EDR DFIR Limitations
There are several key limitations of an EDR when it comes to a forensic investigation.
- Incomplete Data: EDRs don’t have all of the data you may need for the investigation. They may not have been recording a type of activity that the attacker used, which could be why the attack was successful and the EDR didn’t stop it. Or, you may want to ensure you have the original source file with the evidence for your own processing.
- Limited Retention: In addition to the limited types of data, the retention time of the collected data is also limited. Most environments have only 30-days of data, with some low cost options as low as 14-days. This means that evidence from before that date is gone from the EDR (but evidence may still exist on the victim systems in various files). While dwell time for ransomware incidents may be measured in days for most other types of attacks the dwell time is often measured in months.
- UI Optimized For Alerts: EDRs are primarily focused on prevention and showing you alerts of possible attacks. The UIs are alert-focused. That is great for the SOC analyst, but is less ideal for the incident responder who is trying to create a timeline of the attack. This means that your responders will need to use other tools, such as a spreadsheet, to keep track of the details.
- No Hindsight: EDRs won’t know what happened before they were installed. They focus on real-time observations and do not look for evidence in files and artifacts. This means that if you install them after an attack, they won’t show you what happened before.
Run DFIR Tools Through EDRs
Because of these gaps, EDRs will not be the sole source of evidence in your investigation. You’ll need to collect additional artifacts on the hosts you suspect were involved in the incident. This will mean bringing them into your DFIR analysis environment.
Fortunately, nearly all EDR companies recognize this and offer you a way to collect more data via:
- Deploying and running scripts
- Accessing a command or PowerShell prompt on the remote system
- Application Programming Interface (API)
Therefore, the EDR infrastructure can become a key enabler of your investigation even if it’s not providing all of the data. Let’s look at how.

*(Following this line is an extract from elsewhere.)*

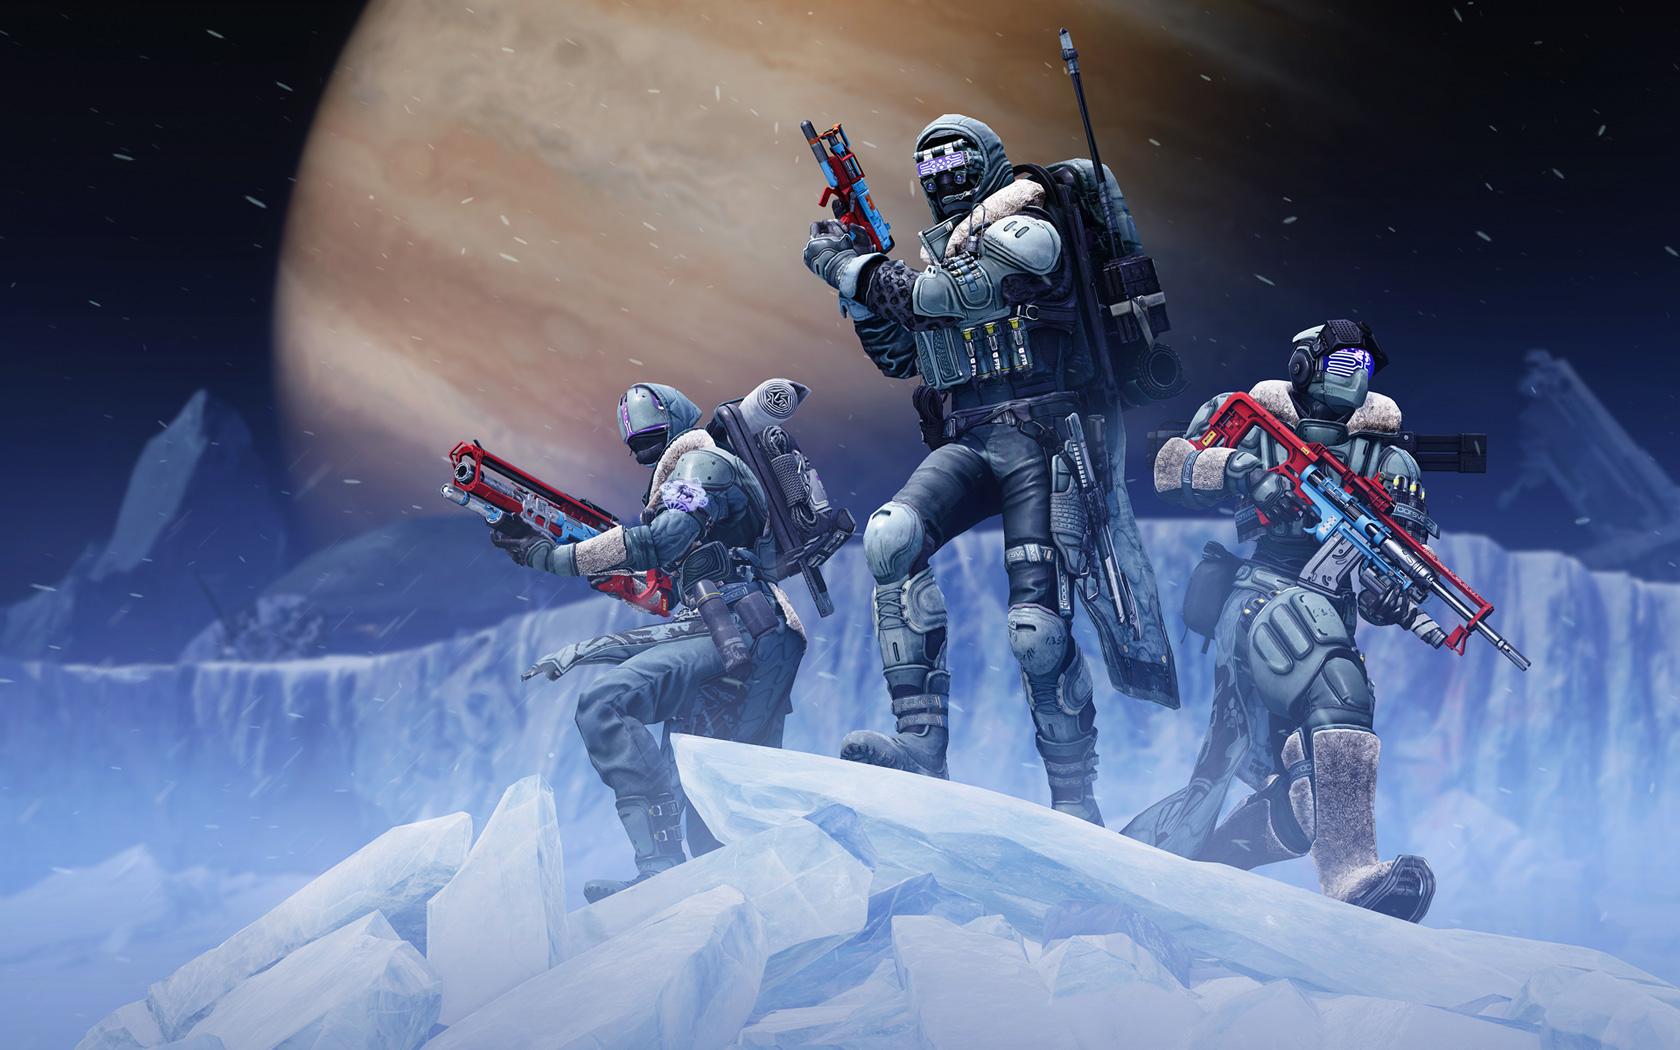 Free Destiny 2 Wallpaper in 1680x1050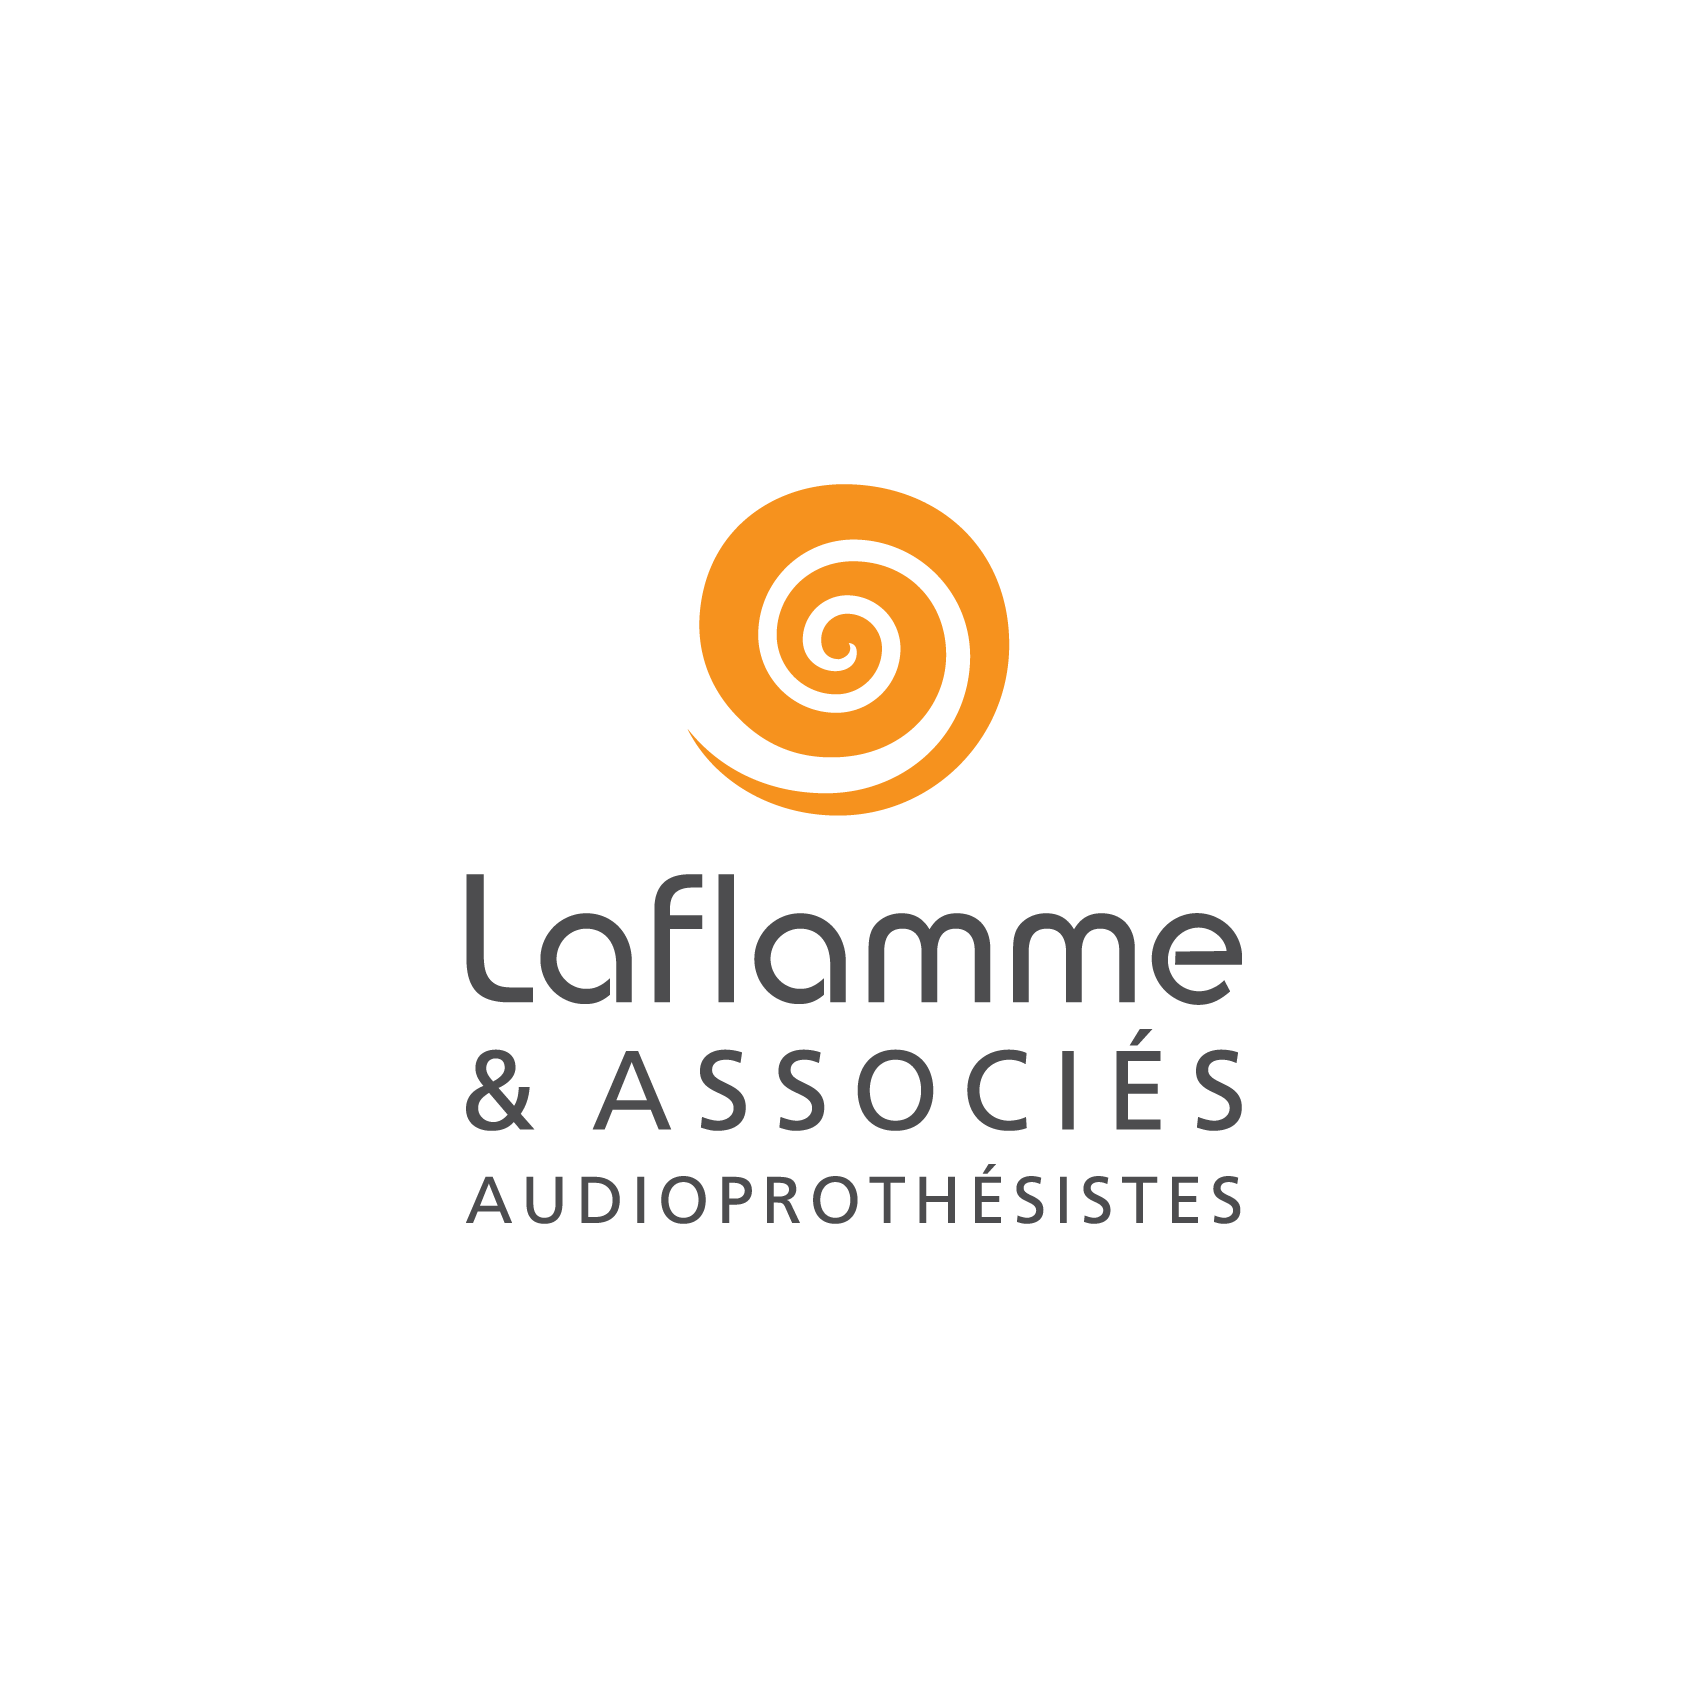 MlleRouge_logos_Laflamme

Key Challenges to Getting Forensic Artifacts
There are three key challenges when running a 3rd party DFIR collection tool from an EDR or other IT infrastructure:
- Getting the DFIR collection tool to the system
- Time limits and status while the tool is running
- Getting the artifacts off the system
Each EDR is a bit different, but let’s cover the basic concepts.
For example, we will use our Cyber Triage Collector tool. We recommend responders and investigators use this tool to collect additional DFIR artifacts. Here are some basic concepts of the Collector to help you understand the examples:
- It’s a single Windows executable that will collect and parse numerous files, such as the MFT, registry, and event log.
- It collects executable files associated with startup items, scheduled tasks, processes, etc.
- It collects hashes of everything on disk for future correlation.
- Its output is a JSON file that can be sent to disk, uploaded to S3, or sent to a Cyber Triage server.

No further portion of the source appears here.